”Dari proses ini akan disatukan dan diidentifikasi masalahnya dimana, dan kita dorong penyelesaiannya seperti apa. Selama ini data tersebut belum ada. Nantinya dari data tersebut akan teridentifikasi semua,” katanya.
Dijelaskan Sulis, bahwa dari pajak sendiri juga belum punya data yang valid dari perizinan sawit, jika sudah valid nantinya baru bisa dihitung potensi pendapatan negara.
”Intensif kebun sawit untuk daerah pengahasil boleh dibilang tidak ada, karena CPO diekspor melalui Dumai, sehingga yang dapat intensifnya Dumai. Kalau dari hutan ada yang namanya DBH, tapi kalau sawit tidak ada,” ujanya.
Seperti saat ini, lanjutnya, belum ada standar pendaftaran perkebunan rakyat, pihaknya akan mendorong Dirjenbun untuk membuat pedoman atas standar tersebut.
Selain perencanaan berbasis spasial, sambungnya, pihaknya juga mendorong Dirjenbun membuat pedoman alokasi ruang yang sesuai, misalkan sawit, tempat yang cocok untuk sawit itu dimana.
”Kalu itu ada perencaaan berbasis spasial, kemudian alokasi ruang, itu izin-izin sembarang tidak terjadi,” sebutnya.

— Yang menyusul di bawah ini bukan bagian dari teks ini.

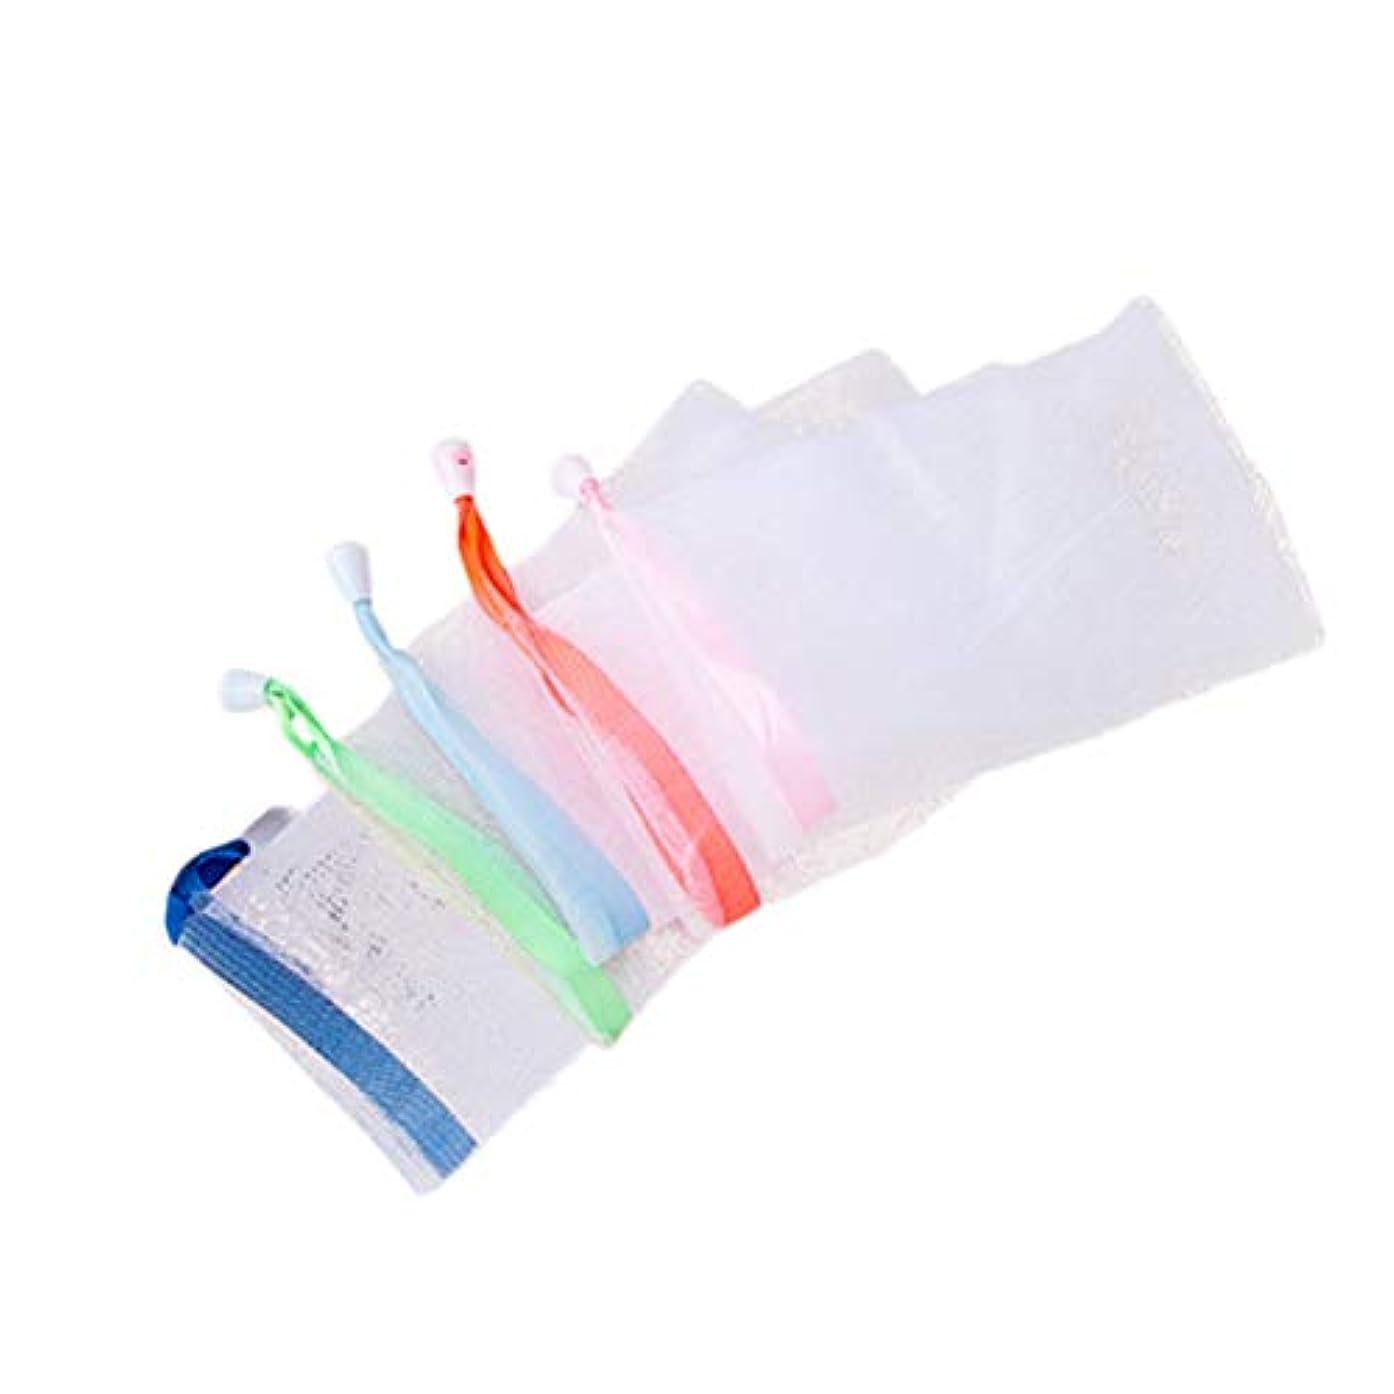 独立した合わせて樹木HEALIFTY 9pcsを洗う表面のための多彩な石鹸袋の泡立つ純袋の石鹸の泡ネット袋

‘’Misalkan kabupaten dan provinsi ketika memberikan izin lokasi, itu harusnya mengacu pada perencaaan tadi, namun selama ini tidak ada. Kepala daerah asal-asal saja memberikan izin lokasi, apalagi hal itu sering dikaitkan dengan komuditas untuk pilkada dan sebagainya, dari situlah timbul tumpang tindih izin,” tuturnya.
Sulis berharap, semoga solusi yang mereka rumuskan tersebut bisa dijalankan, dan bisa dipahami oleh semua pihak, agar tidak lagi ada problem.
Sulis mengaku, pihknya, belum menghitung kerugian negara terkait permasalahan ini, karena kata dia, belum ada data yang valid spasial untuk menjadi landasan.
”Tapi kemarin contoh perhitungan di Kalimantan Barat, mereka kehilangan potensi Rp 7 triliun pertahun. Karena CPO dari daerah penghasil dikirim melalui Dumai jadi yang dapat Dumai. Mereka tidak dapat apa-apa. Ini yang kita usahakan, agar daerah penghasilan juga dapat bagian,”pungkasnya.
Kepala Dinas Perkebunan Provinsi Jambi, Budidaya kepada harian pagi Jambi Ekspres mengatakan, saat ini, jumlah perusahaan perkebunan kelapa sawit yang beroperasi di Provinsi Jambi ada sebanyak 189 perusahaan.
”Luasnya lebih kurang 640 ribu ha,” katanya.
Terkait pelaporan dari perusaahaan yang hanya dua kali dalam setahun, Budidaya mengungkapkan, bahwa peraturan tersebut diamanatkan pada peraturan Mentri Pertanian.
”Jarak pelaporan yang 6 bulan sekali memang sanagat jauh, munkin itu akan diubah,” pungkasnya.
Sementara itu, sebelumnya Presiden RI Joko Widodo menyampaikan kejutan dalam perayaan Hari Kehutanan Sedunia kemarin (14/4). Setelah menghadiri seremoni pelepasan satwa dan penanaman tanaman di pantai Pulau Karya, Kepulauan Seribu, dia pun memberikan mandat terhadap Menteri Lingkungan Hidup dan Kehutanan Siti Nurbaya Bakar untuk segera menerapkan moratorium terhadap perizinan lahan kelapa sawit dan pertambangan.
Pada kesempatan doorstop, Jokowi mengaku telah memberikan arahan informal kepada Siti Nurbaya Bakar. Arahan tersebut diberikan untuk memperkuat instruksi presiden nomor 18 2015 tentang moratorium izin penggunaan lahan gambut sebagai perkebunan kelapa sawit. Untuk kembali mencegah penyalahgunaan kawasan hutan yang semakin mengecil, Jokowi pun meminta adanya moratorium perizinan lahan konsesi kelapa sawit dan pertambangan yang baru.